▶ [REQUIREMENT]: Restate all the data word for word and omit the pictures.

▶ [SOURCE MATERIAL]:
__________________________________________________
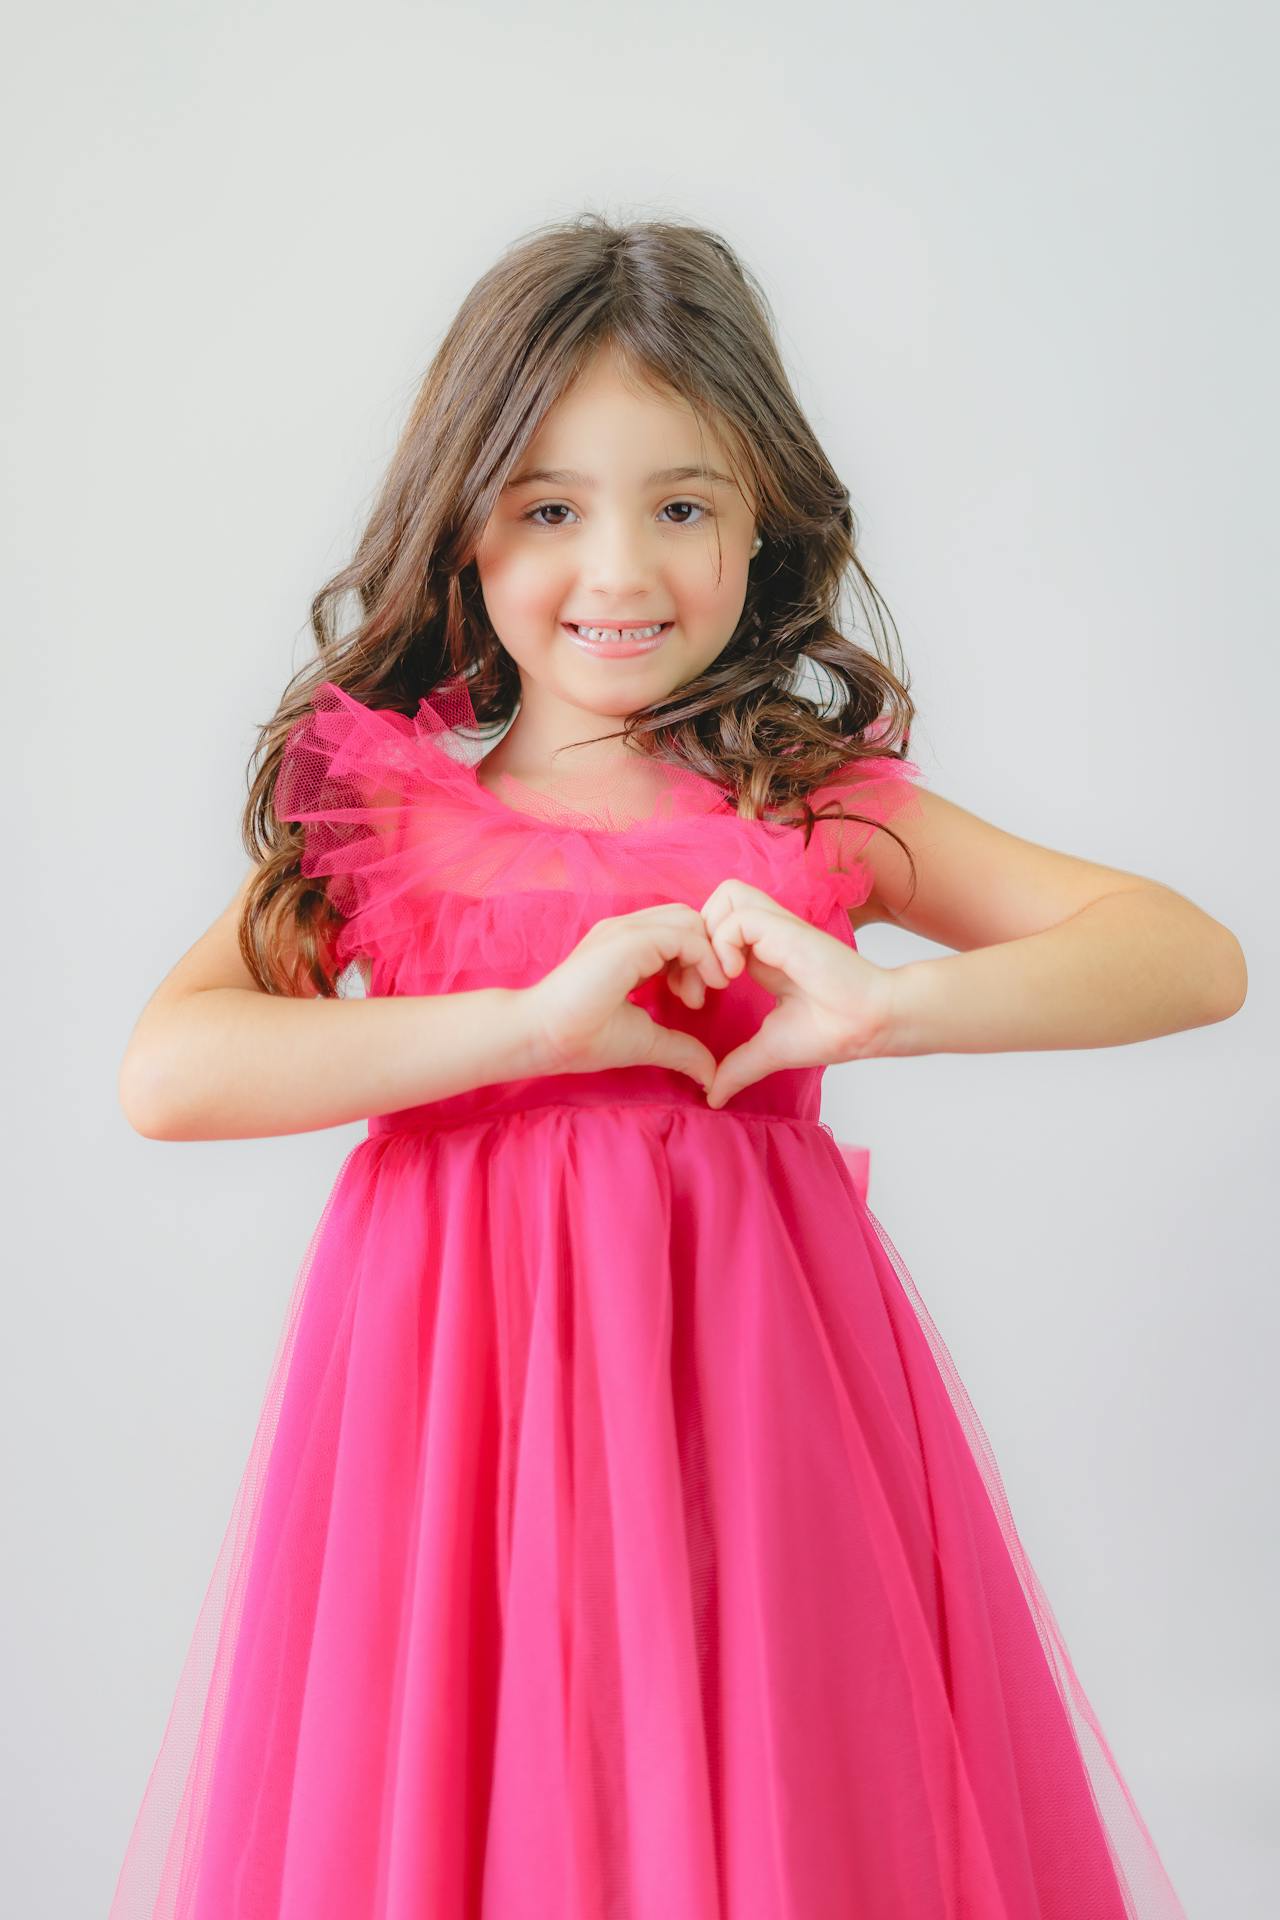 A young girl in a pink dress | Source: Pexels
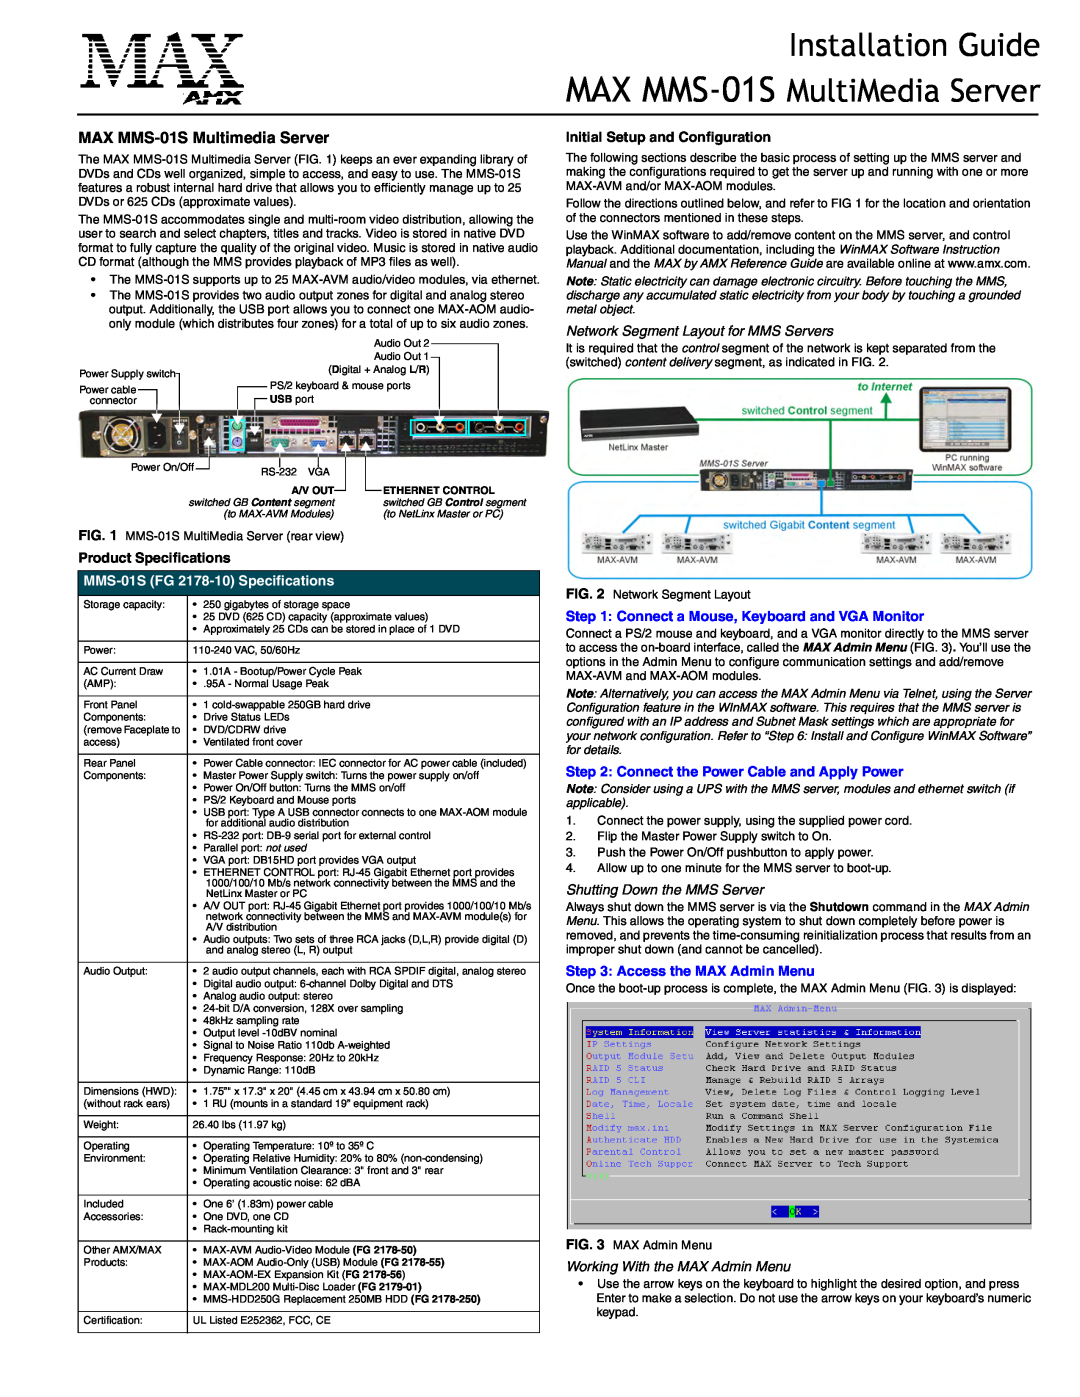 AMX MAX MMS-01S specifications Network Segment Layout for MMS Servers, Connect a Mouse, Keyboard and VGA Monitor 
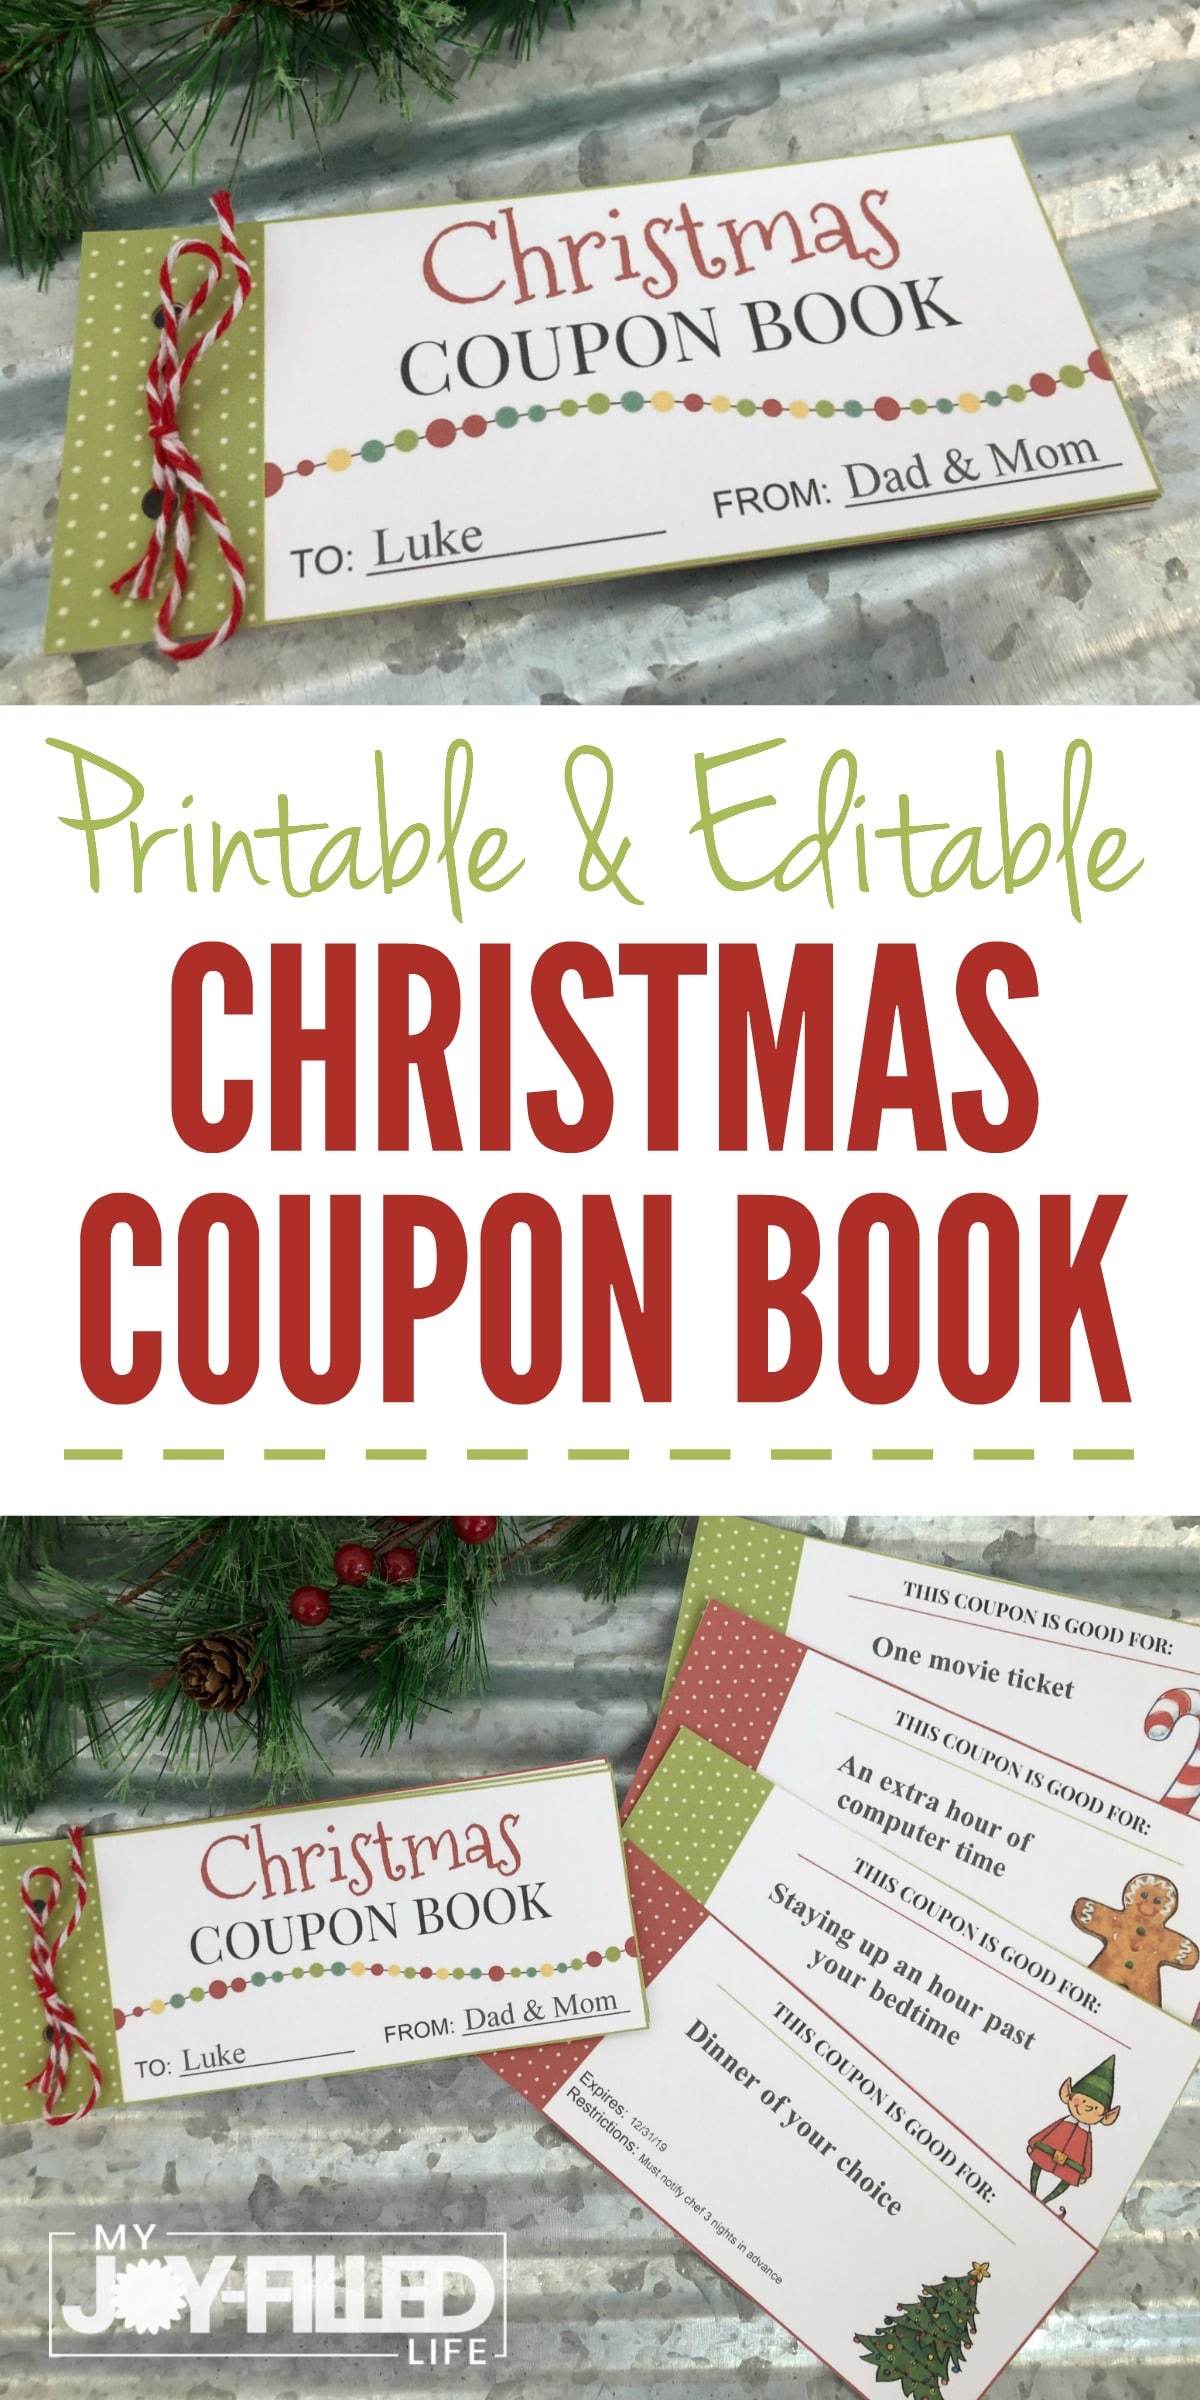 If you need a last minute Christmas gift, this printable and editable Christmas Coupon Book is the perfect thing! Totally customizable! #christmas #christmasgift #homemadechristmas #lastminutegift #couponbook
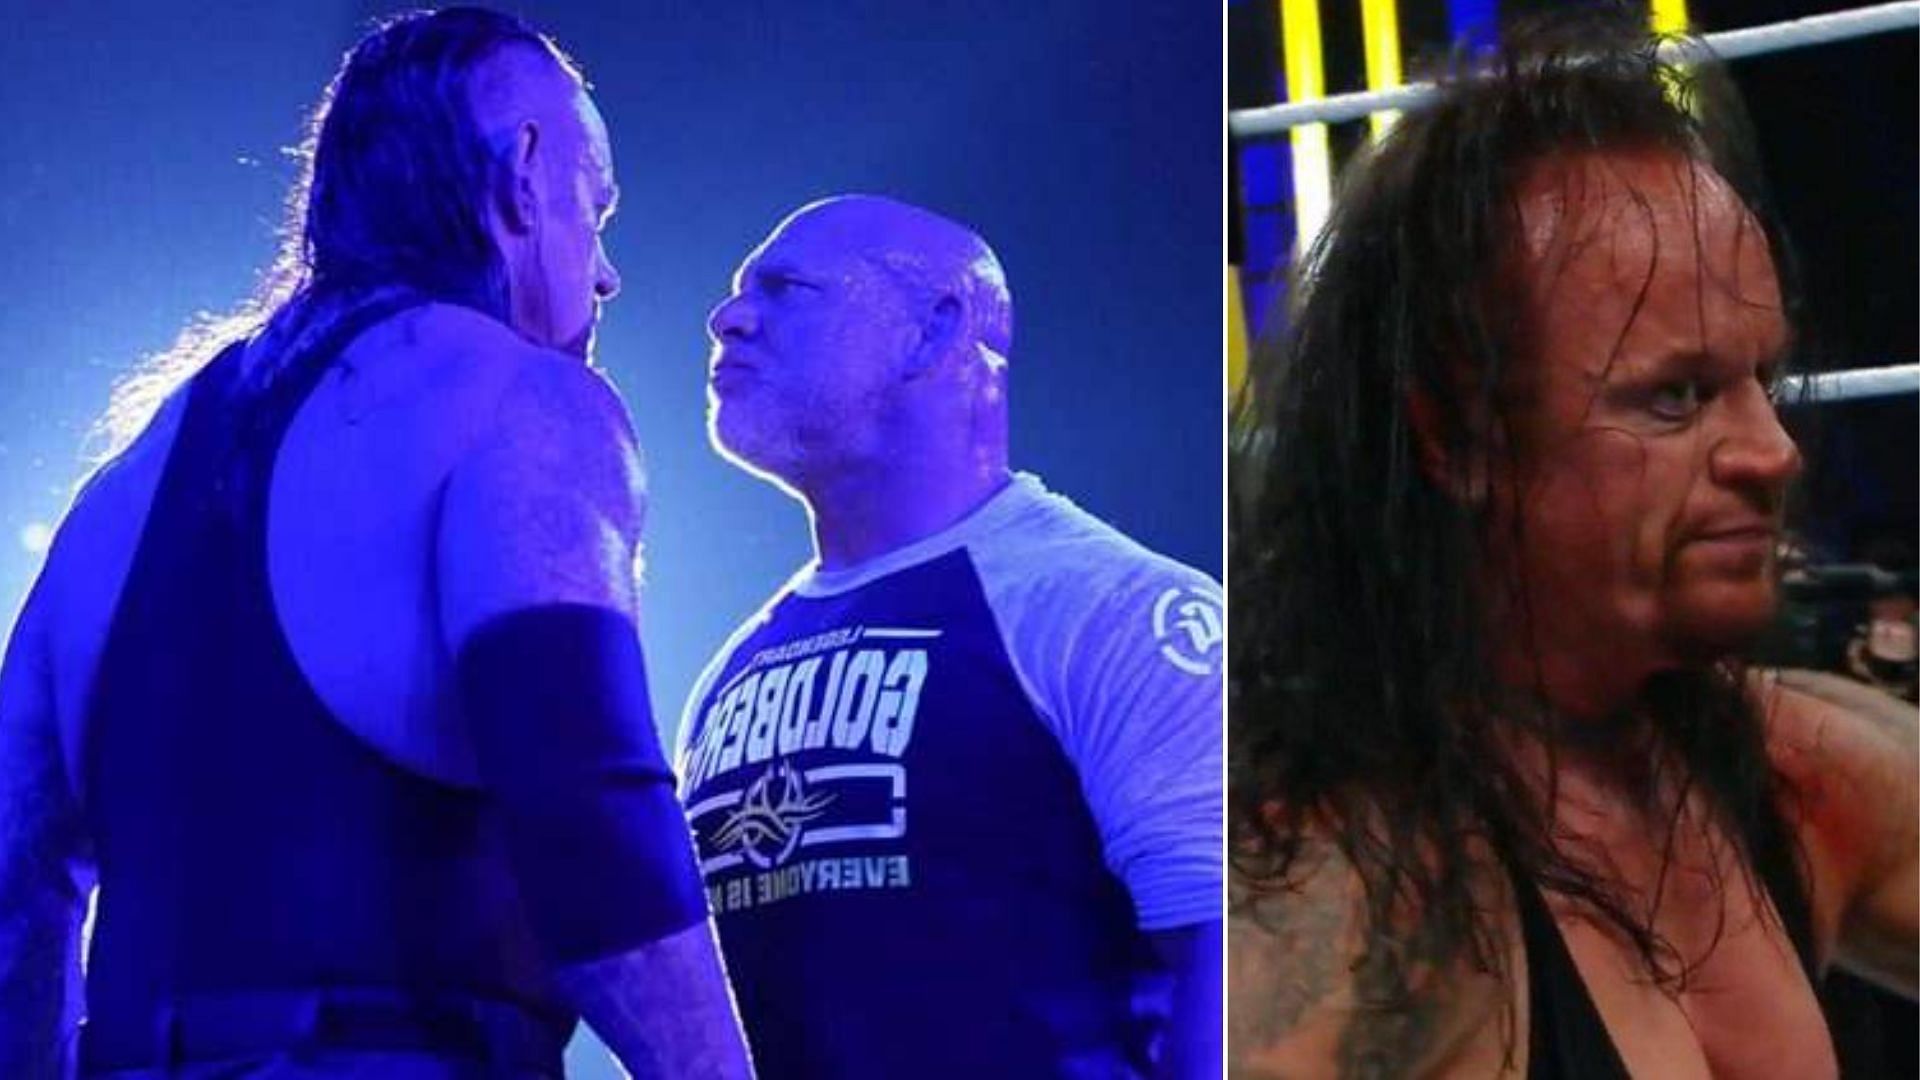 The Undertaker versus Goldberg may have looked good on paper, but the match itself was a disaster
__________________________________________________
▶ [OUTPUT OF THE EXERCISE]:
 A young girl in a pink dress | Source: Pexels
 AMX MAX MMS-01S specifications Network Segment Layout for MMS Servers, Connect a Mouse, Keyboard and VGA Monitor 
 If you need a last minute Christmas gift, this printable and editable Christmas Coupon Book is the perfect thing! Totally customizable! #christmas #christmasgift #homemadechristmas #lastminutegift #couponbook
 The Undertaker versus Goldberg may have looked good on paper, but the match itself was a disaster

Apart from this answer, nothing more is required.